Auto1 contested this claim, arguing that the vehicle had not been in the debtor’s possession at the time when the insolvency proceedings were opened, and had therefore not been part of the insolvency estate. It contended that it maintained only a branch in Austria, but was established in the Netherlands, and that it – and not the Austrian branch – had made the credit transfer in Germany from a German bank. By way of consequence, the only domestic connection of the contract of sale at issue was that it had been signed in Austria and the vehicle had been handed over there. It further argued that the claim asserted by the appellant did not exist, because the foreign connection entailed the applicability of Article 31 of Regulation 2015/848. It claimed that it could only be held liable if it had known about the opening of insolvency proceedings, which had not been the case.

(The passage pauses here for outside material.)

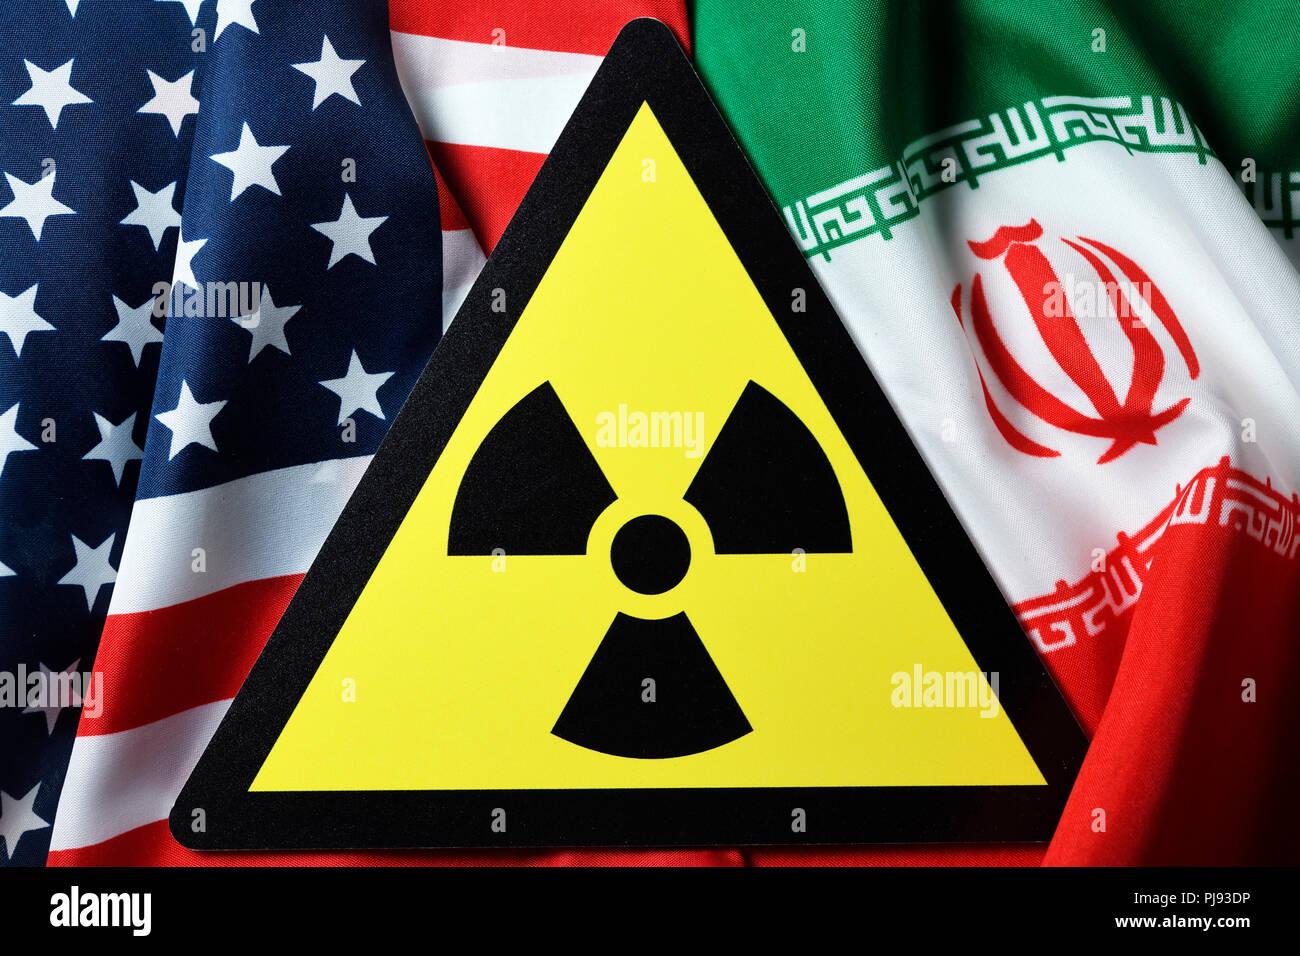 Flags of the USA and Iran and radioactivity warning, Iranian nuclear agreement, Fahnen von USA und Iran und Radioaktivität-Warnschild, iranisches Atom Stock Photo

[NoA: according to said Article 31, ‘Where an obligation has been honoured in a Member State for the benefit of a debtor who is subject to insolvency proceedings opened in another Member State, when it should have been honoured for the benefit of the insolvency practitioner in those proceedings, the person honouring the obligation shall be deemed to have discharged it if he was unaware of the opening of the proceedings’]

Seized on appeal (Rekurs) by the insolvency practitioner, the Austrian Supreme Court has referred the following questions to the CJEU:

  1. Is Article 31(1) of Regulation (EU) 2015/848 of the European Parliament and of the Council of 20 May 2015 on insolvency proceedings (‘the 2015 Insolvency Regulation’) to be interpreted as meaning that obligations honoured for the benefit of the debtor which should have been honoured for the benefit of the practitioner in the insolvency proceedings also include, within the meaning of that provision, such obligations arising from a legal transaction which the debtor did not conclude until after the opening of insolvency proceedings and the transfer of powers to the insolvency practitioner?

If the above question is answered in the affirmative:

  1. Is Article 31(1) of Regulation (EU) 2015/848 of the European Parliament and of the Council of 20 May 2015 on insolvency proceedings (‘the 2015 Insolvency Regulation’) to be interpreted as meaning that the place in which an obligation is honoured within the meaning of that provision is the place from which the third party’s payment is made by credit transfer from a bank account there, even if the third party is established not in that Member State but in another Member State, while the conclusion of the legal transaction and the honouring of the debtor’s obligation took place not there but through a branch of the third party in yet another Member State, namely in the Member State in which the insolvency proceedings have been opened?

The decision will be taken by judges M. Gavalec, K. Jürimäe (reporting), and Z. Csehi. An opinion was not requested.